May 10, 2022 at 12:00 // News
Coin Idol
The central bank has not allowed any company to offer services related to cryptocurrencies

The Central Bank of Uganda (BoU) has warned citizens against using Bitcoin and other forms of cryptocurrencies for business.

The central bank has not allowed any company to offer services related to cryptocurrencies. This comes a few months after the government allocated land to American singer Akon for the construction of a smart city called 'Akon City', where cryptocurrencies will be used.

In February 2022, the Ugandan government promised to provide AKON with land to enable the construction of a $6 billion futuristic smart city that would fully utilize the cryptocurrency AKOIN. On April 2, 2021, Akon visited Uganda at the invitation of President Yoweri Museveni to discuss investment and key business opportunities in energy, tourism, infrastructure and cryptocurrencies, as well as technology, including the dream of 'one Africa, one Koin' that the rapper has preached on the continent.

The president wanted to be part of the group that would transform Africa's infrastructure and financial sector by building futuristic cities powered by smart technologies such as Akoin cryptoasset, blockchain, artificial intelligence, etc.

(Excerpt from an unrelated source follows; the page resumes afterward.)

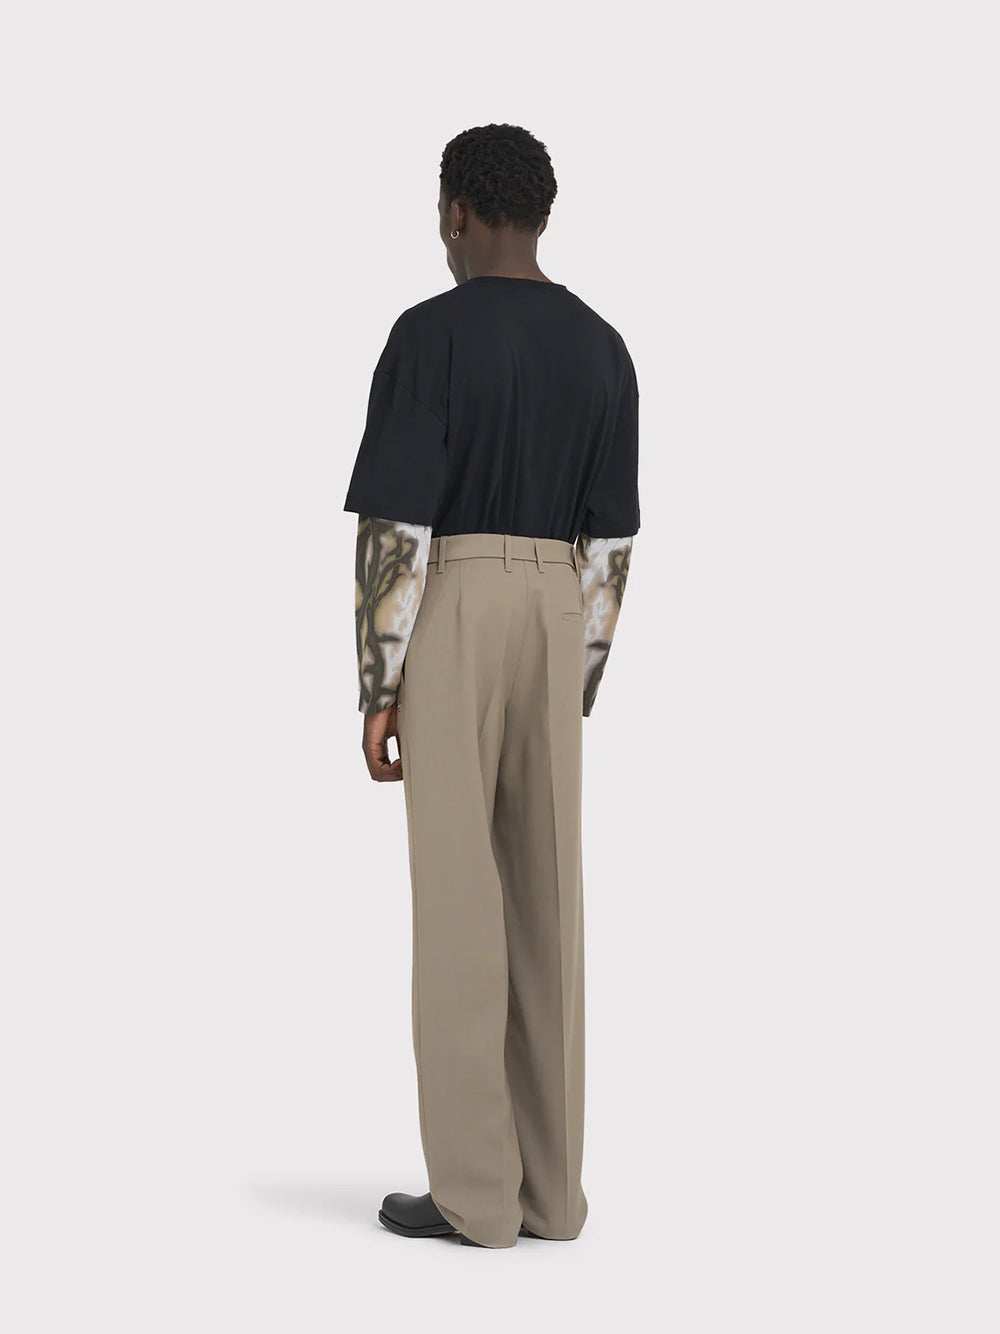 Cooper suiting sand trousers

When Museveni invited Akon to invest in cryptoassets, the asset was not even recognized as legal tender in Uganda, but the president was fully supportive of this type of disruptive financial technology. This gave a small glimmer of hope that the asset would soon be recognized and regulated.

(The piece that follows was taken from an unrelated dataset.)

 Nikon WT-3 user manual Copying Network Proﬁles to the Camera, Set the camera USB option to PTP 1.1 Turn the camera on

Crypto traders: BoU warns traders not to do business online

In a letter dated April 29, 2022, Andrew Kawere, director of the National Payments System, shared that the BoU has been watching with concern some businesses promoting the conversion of crypto assets to mobile money and vice versa, which he believes is illegal. 

Under the leadership of new Deputy Governor Michael Atingi-Ego, the BoU banned the use of cryptocurrencies in the country on May 2. Atingi-Ego advised Ugandans not to get involved with these cryptocurrencies because if they go belly up, you have nowhere to turn - you just lose your money. 

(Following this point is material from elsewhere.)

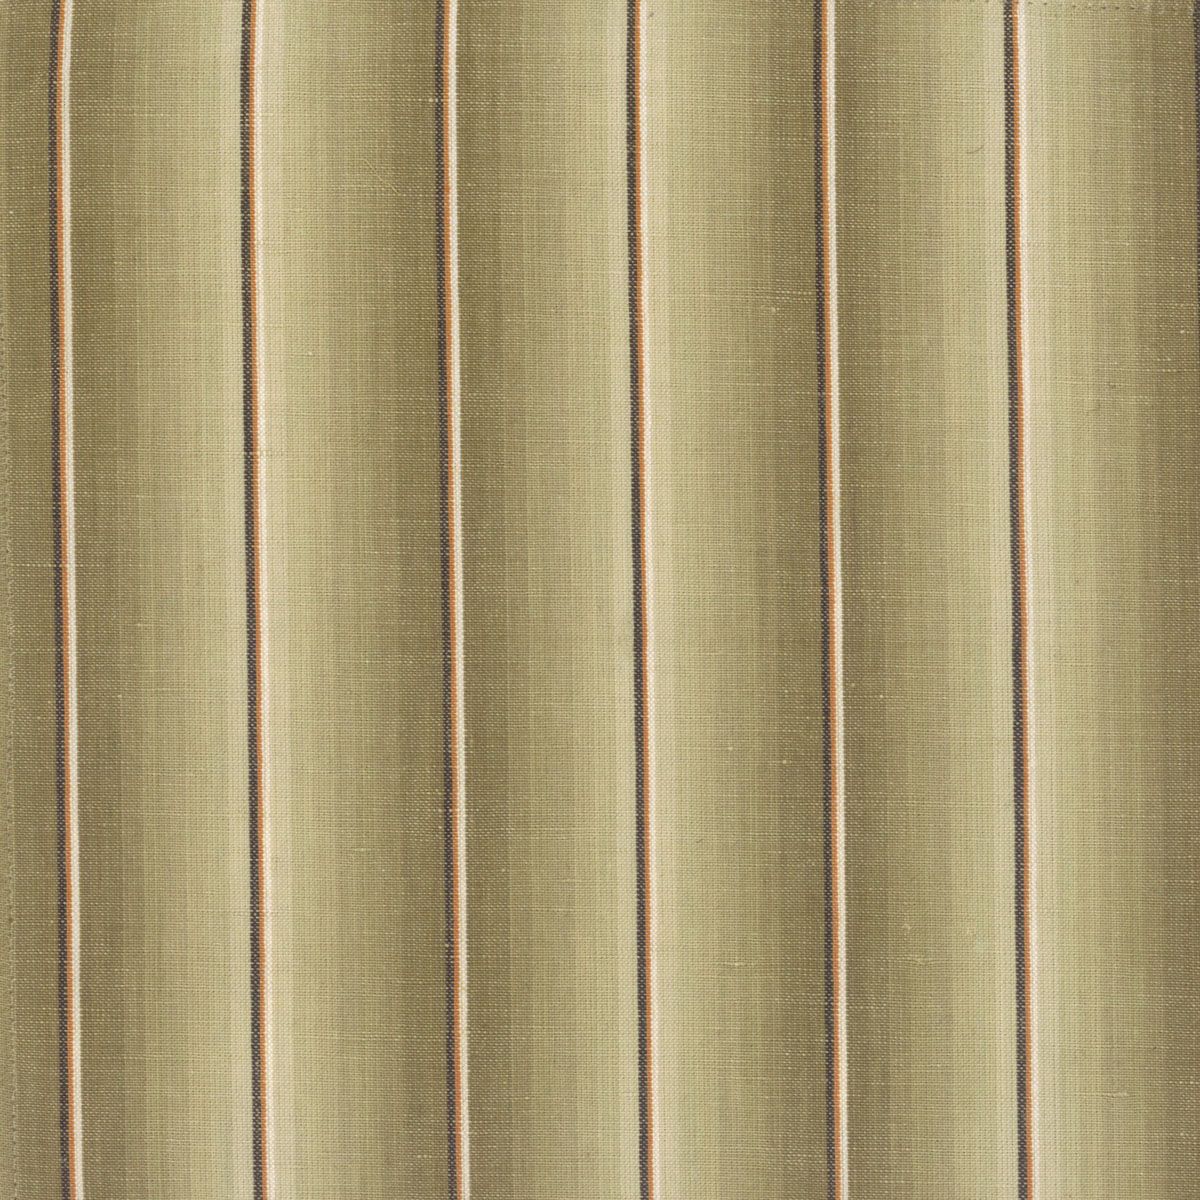 Lindy fabric in beige color - pattern number PQ 0002A550 - by Scalamandre in the Old World Weavers collection

This is because there are still no regulations for cryptocurrencies in Uganda and most parts of the world. He added that government authorities do not know the owners and locations of these cryptocurrencies. Therefore, Ugandans should not come up with narratives like "I have a cryptoasset and this is the rate of return in it." The Deputy Governor told the crypto-maniacs not to be deceived and not to engage in cryptocurrency activities.

This is not the first time the Central Bank has expressed pessimism about cryptocurrencies. During the July 2019 Blockchain Conference in Kampala, President Museveni supported blockchain and cryptocurrencies, expressing optimism that these tools would transform the country's struggling ICT, agriculture, services, and manufacturing sectors. However, when the late Professor Emmanuel Mutebile, then governor of the Bank of Uganda, stood up to address attendees, he advised nationals against engaging in cryptocurrencies and revealed that the BoU has a plan to ban all such form of digital assets.

The late Mutebile even instructed the BoU to issue a warning to inform the public about the risks associated with cryptocurrencies. Those Ugandans who did not heed the BoU's warning ended up losing more than 10 billion UGX (about $2,813,400) to a fake cryptocurrency company called Dunamiscoins Resources Limited.